Frequently Asked Questions

Was Mohammed mentioned by name anywhere in the Bible?

No. No ancient Hebrew or Greek manuscript contains Mohammed's name. The Gospel of Barnabas, which claims this explicitly, is a medieval document written between the 14th and 16th centuries — centuries after Mohammed's death in 632 AD — and is rejected as a forgery by scholars across traditions.

What is the Gospel of Barnabas and why is it not in the Bible?

The Gospel of Barnabas is not the same as the Epistle of Barnabas (c. 70–130 AD), which is the early Christian document. The Gospel of Barnabas survives only in Italian and Spanish manuscripts from the 17th century, with internal evidence — feudal terminology, references to Dante's Divine Comedy — placing its composition between the 14th and 16th centuries, roughly 700–900 years after Mohammed. It is not "hidden by Christians." It simply did not exist when the canon was formed.

Does "Paraclete" in John 14:16 refer to Mohammed?
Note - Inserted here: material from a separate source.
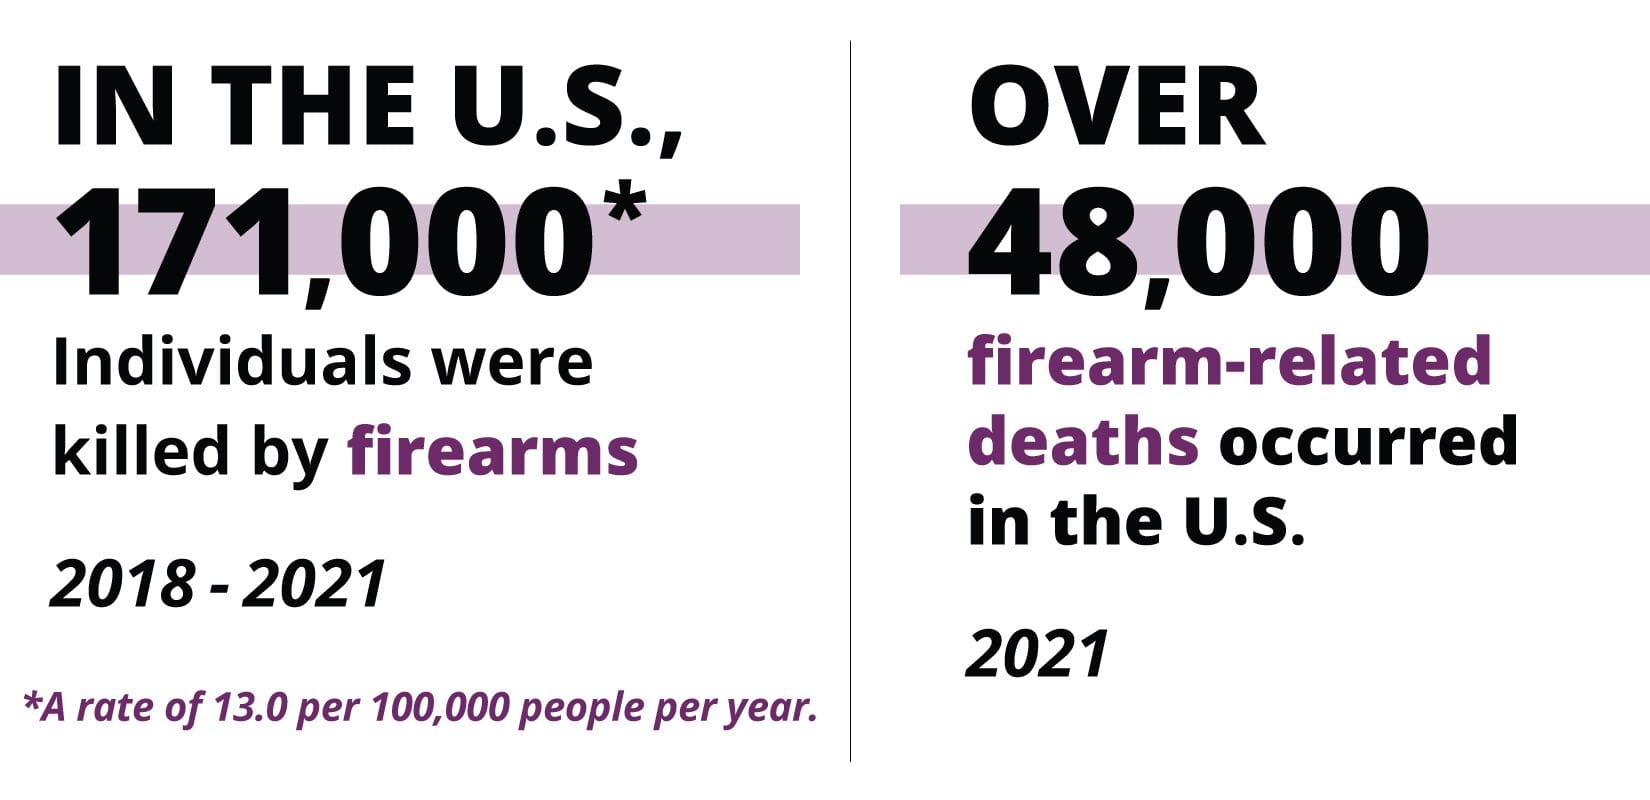 United States' FIREARM STATS: IN THE U.S., 171,000* Individuals were killed by ﬁrearms (2018-2021). *A rate of 13.0 per 100,000 people per year. OVER 48,000 ﬁrearm-related deaths occurred in the U.S. (2021). Source: CDC Wonder.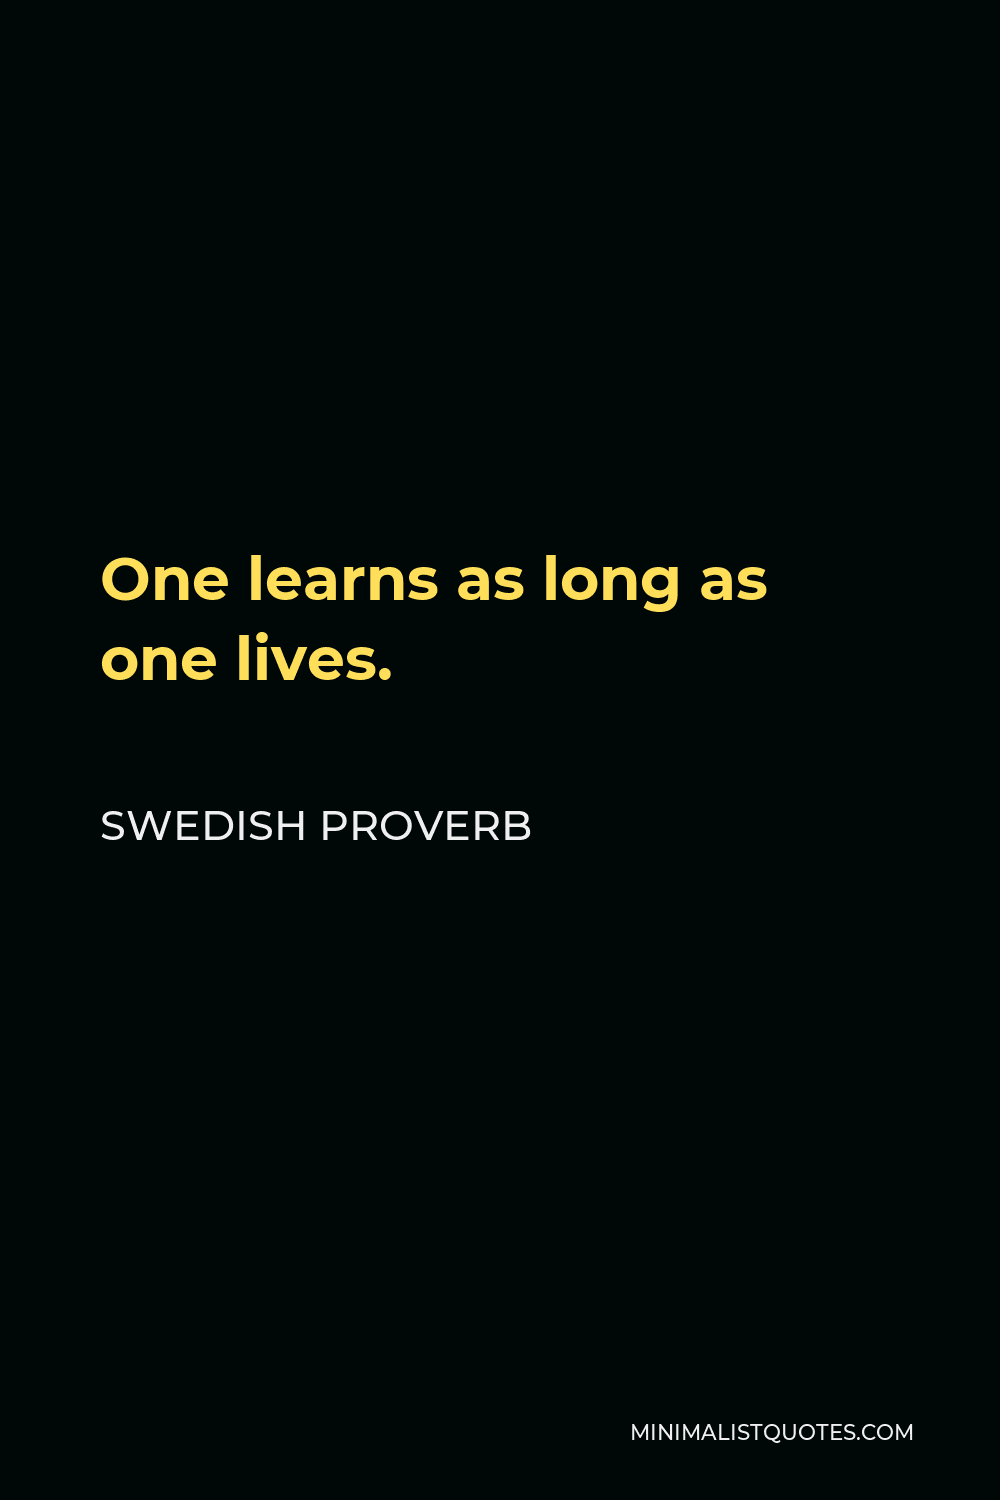 Swedish Proverb Quote - One learns as long as one lives.

No. Every Greek manuscript says "Parakletos" (Helper/Advocate) — not "Periklutos" (praised one). There is no textual basis for the substitution. More significantly, Jesus identifies the Paraclete as the Holy Spirit in John 14:26, says the Paraclete will dwell "in" the disciples (John 14:17), and the fulfilment is recorded in Acts 2 at Pentecost — over 500 years before Mohammed.

Does Deuteronomy 18:18 predict Mohammed?

The New Testament explicitly applies this passage to Jesus — twice. Peter in Acts 3:22 and Stephen in Acts 7:37 both quote Deuteronomy 18:18 and apply it to Jesus Christ. These are the earliest interpreters of the text, writing within decades of the events. The "brethren" of Israel in this context means fellow Israelites — consistent with Deuteronomy 17:15, where Moses uses the same word to mean fellow Israelites, not Ishmaelites.

Does machamadim in Song of Solomon 5:16 mean Mohammed?

No. Machamadim is a common Hebrew adjective meaning "lovely" or "desirable." The same word appears in Lamentations 1:10, Isaiah 64:11, and Hosea 9:6 — all in contexts where it clearly means "pleasant things." If it were a proper noun for Mohammed, those verses would be nonsensical. It is a plural of majesty — a Hebrew grammatical form intensifying an adjective, not a name.